■ **Task brief**
Return, exactly and with nothing added, the line with "Tracteur-impri" together with all lines after it through the end of the data below. No pictures belong in the copy.

■ **Data**
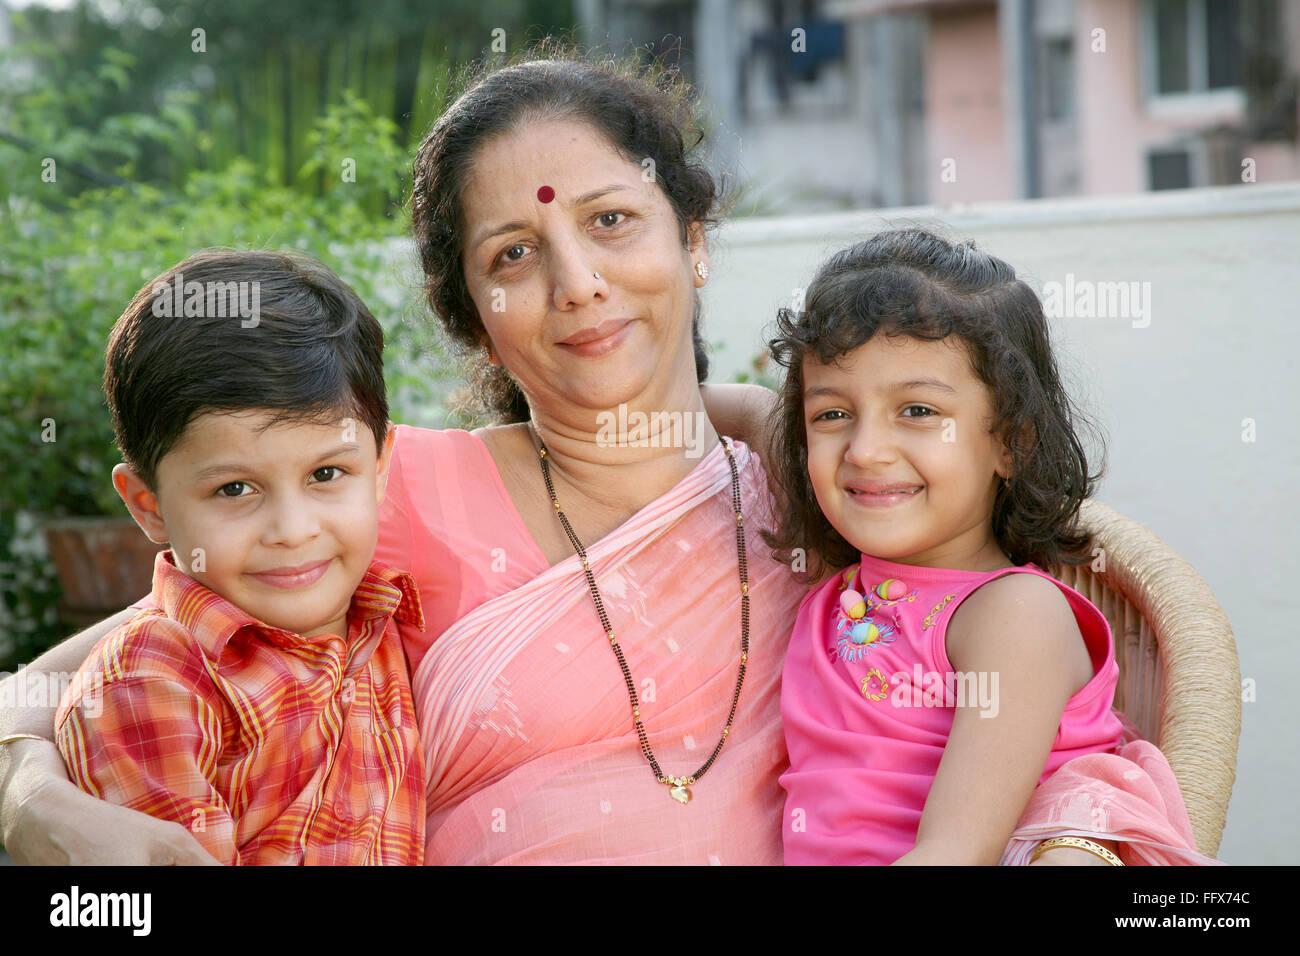 Gran Madre e grand bambini tenendo entrambi i bambini vicino a lei signor # 687F 687G e 687E Immagini Stock
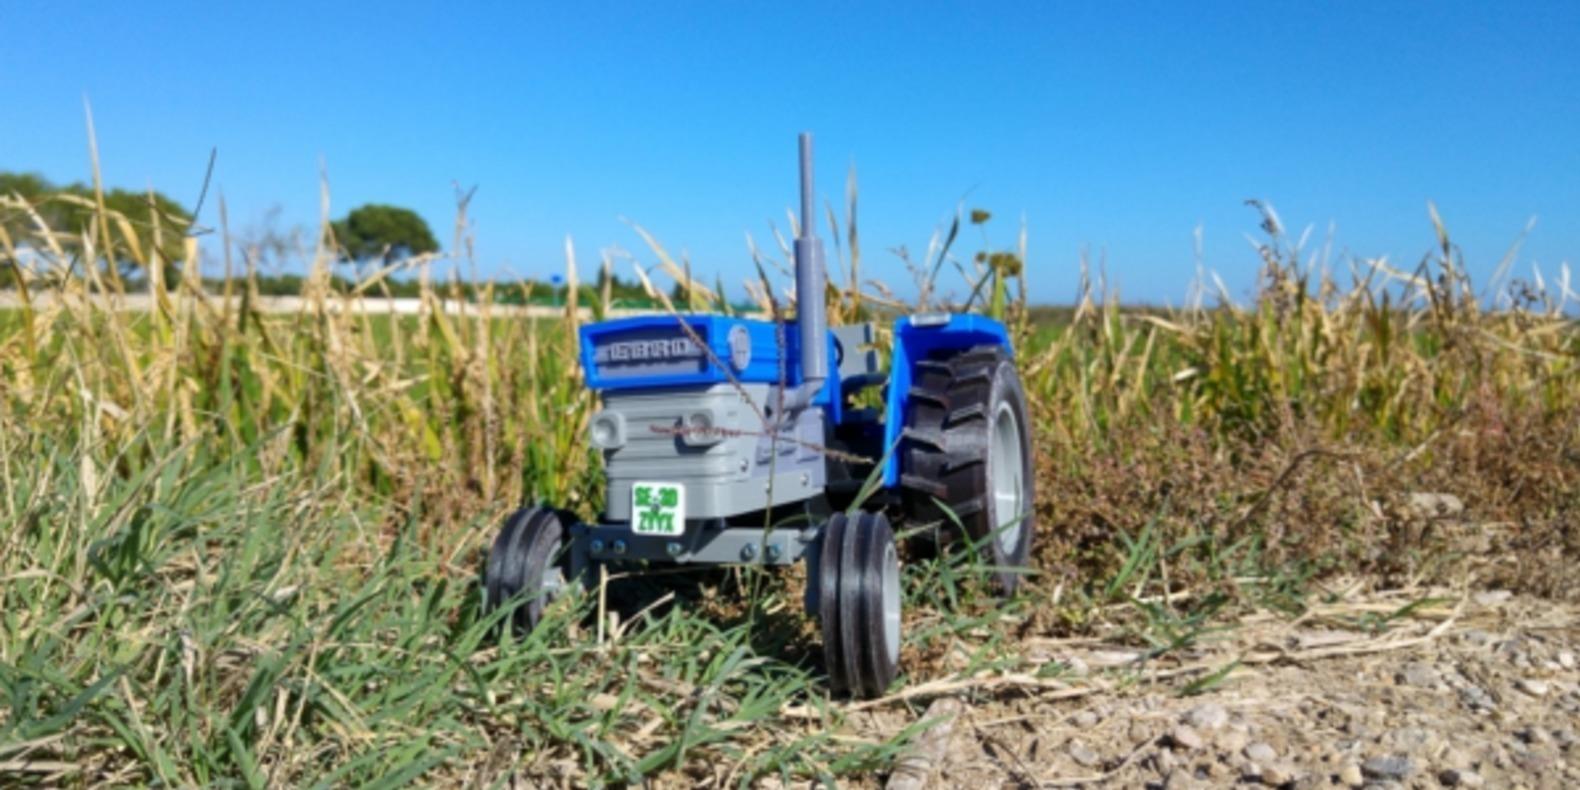 Tracteur-imprimé-en-3D-fichier-3D-cults-openRC-tractor-4.png
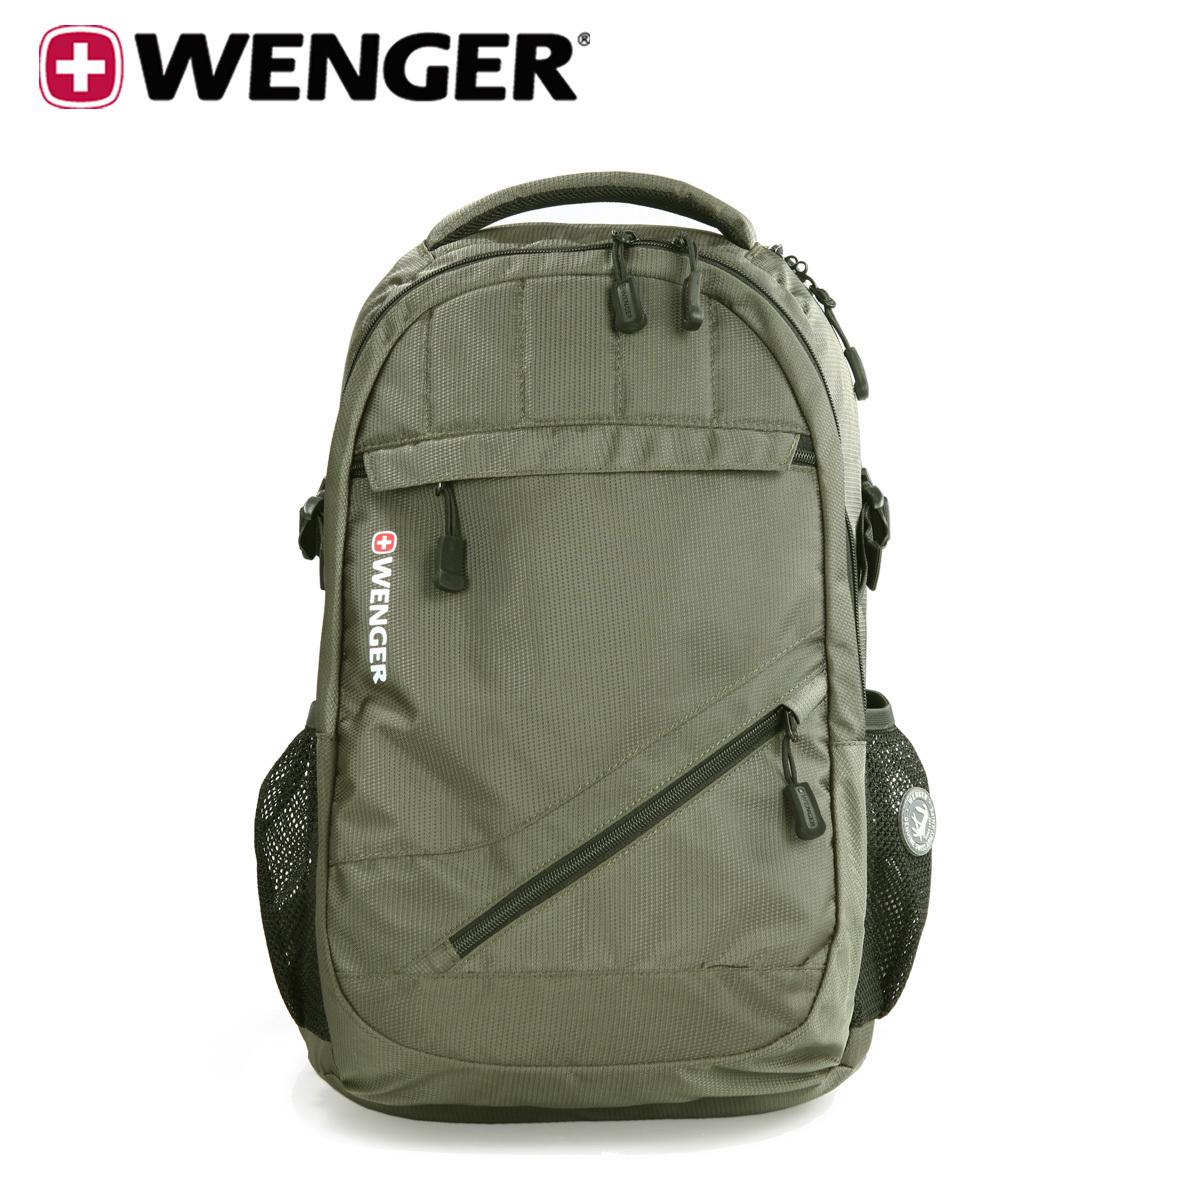 爆款 商务时尚瑞士军刀威戈Wenger 15寸双肩包 电脑背包

■ **Result of the task**
 Tracteur-imprimé-en-3D-fichier-3D-cults-openRC-tractor-4.png
 爆款 商务时尚瑞士军刀威戈Wenger 15寸双肩包 电脑背包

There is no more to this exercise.